Искалеченную плоть можно носить как драный плащ, без всякого ущерба для духа — я подумал о Гуалькмае — но в Медроте увечной была какая-то глубинная часть его "я", и это было совсем другое.
Я сказал себе, что просто вспоминаю Игерну и переношу то, что помню, на ее сына, и почти заставил себя поверить в это.
Потом он немного повернулся — неспешным, рассчитанным движением — откидывая с плеча тяжелую складку овчины, и я увидел над его локтем переплетенные кольца дракона из червонного золота, которого его мать показала мне на следующее утро после его зачатия.
— Нет нужды показывать мне это, — сказал я. — Ни один человек, увидев тебя, не смог бы усомниться в истинности твоих притязаний.

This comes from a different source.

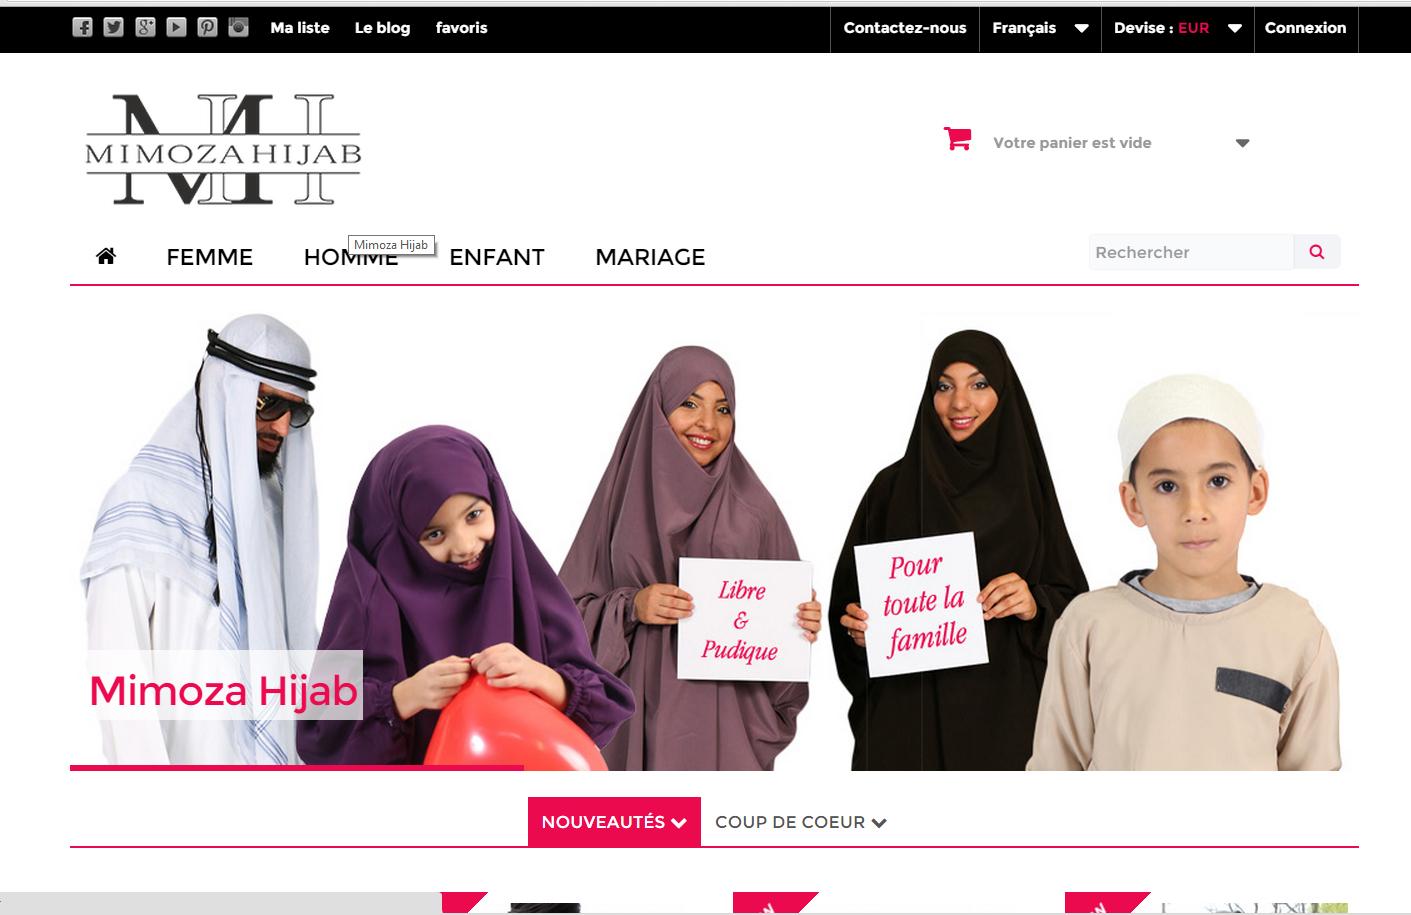 Mimoza Hijab

Он слегка улыбнулся и снова повернулся к огню, но оставил пятнистую складку овчины откинутой назад.
Наружная дверь отворилась, и вошла Гэнхумара. Она держала большую серебряную гостевую чашу с ручками в виде козлиных голов, которую поднесла Медроту со словами:
— Выпей и будь желанным гостем.
И он склонил голову, принимая чашу из ее рук, и вместо обычной формулы сказал:
— Да утешит тебя Бог, госпожа, и да облегчит он горе, постигшее этот дом.

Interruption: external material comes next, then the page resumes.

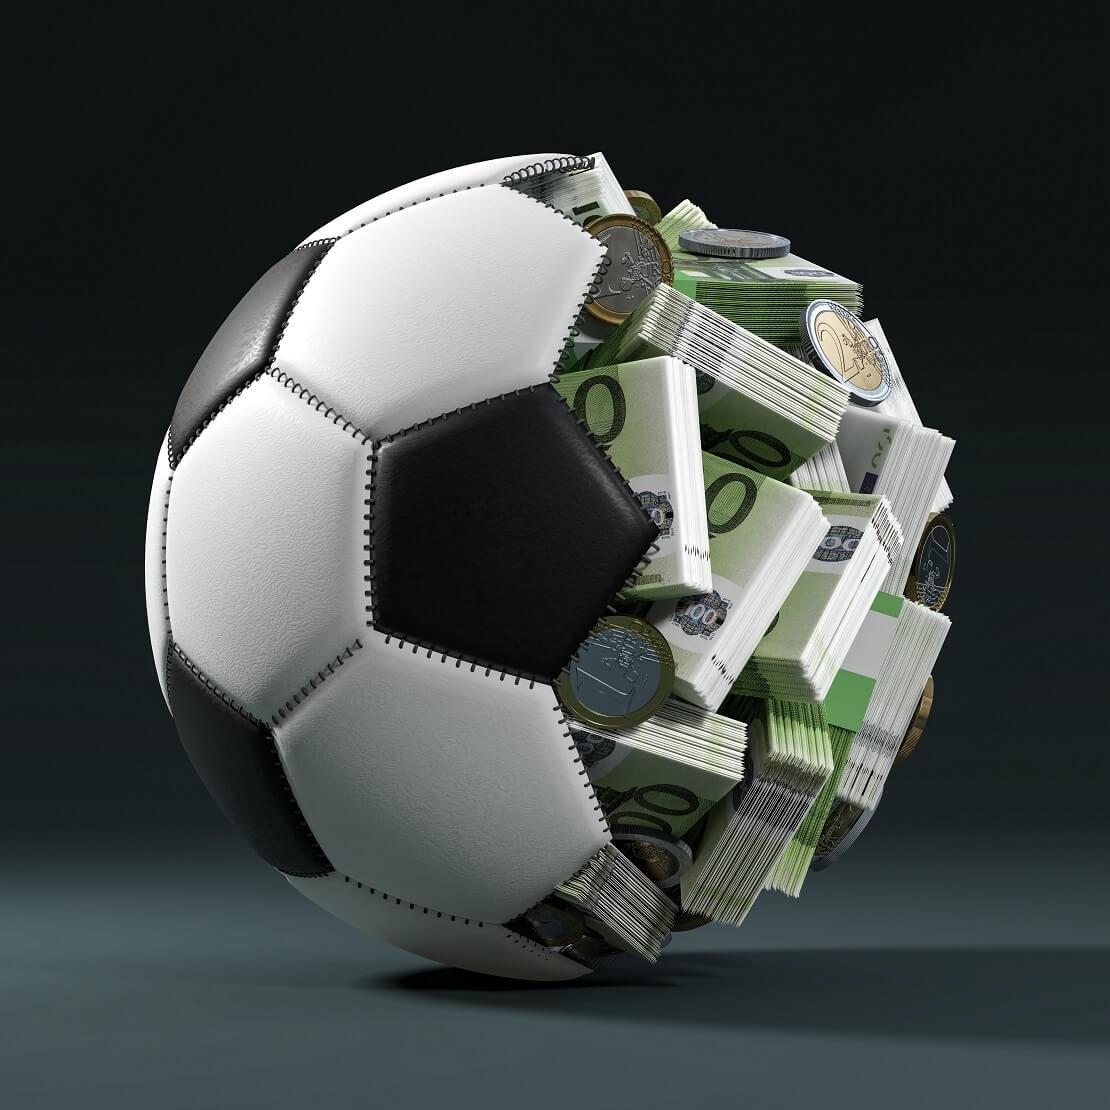 Ein Fußball ist zur Hälfte aufgeplatzt, im Inneren ist Geld

Позже я узнал, что он всегда мог найти верные слова, когда он того хотел. Гэнхумара посмотрела на него долгим ясным взглядом, который перешел с него на меня и снова на него, взяла у него чашу, поставила ее на стол так, чтобы она была под рукой и, не говоря больше ни слова, прошла через закрытую пологом дверь в свою комнату.
Когда она ушла, я пододвинул к жаровне табурет, сказав Медроту, чтобы он сделал то же самое, и мы оба выпили из гостевой чаши, но слабое холодное бурдигальское вино не сделало нас друзьями; просто после него нам вроде бы стало легче разговаривать.
— Сдается мне, твоя мать хорошо научила тебя ненавидеть меня, — заметил я, сам не зная, что собираюсь это сказать, до тех пор, пока слова не были произнесены.
Синие глаза встретились с моими, но я не мог ничего прочесть в них, так же как не мог ничего прочесть в глазах Игерны.
— Разве я не сказал? Я больше научился ненависти, чем любви. Это что, моя вина?
— Нет, — ответил я. — Чего ты хочешь от меня?
— Коня и меч. Я твой сын. Это мое место и мое право — сражаться в рядах твоего эскадрона и спать у твоего очага.
— А тебя так волнует наша борьба с саксонским потоком?
Он еле заметно пожал плечами.
— Горы он не затопит.
И я наклонился вперед, изучая его сквозь слабый дымок, поднимающийся над жаровней.
— Тогда что, если я скажу тебе, что среди моих эскадронов нет места человеку, который не знает и которого не волнует, за что он сражается?
— Я отвечу, что, без сомнения, не так уж важно, волнует ли человека то, ради чего он убивает, лишь бы этот человек достаточно хорошо умел убивать. Дай мне коня и меч, и я докажу тебе, что умею обращаться и с тем и с другим, — он улыбнулся странной, неожиданной, дрожащей улыбкой. — В один прекрасный день я могу даже научиться у тебя переживать за дело, за которое сражаюсь.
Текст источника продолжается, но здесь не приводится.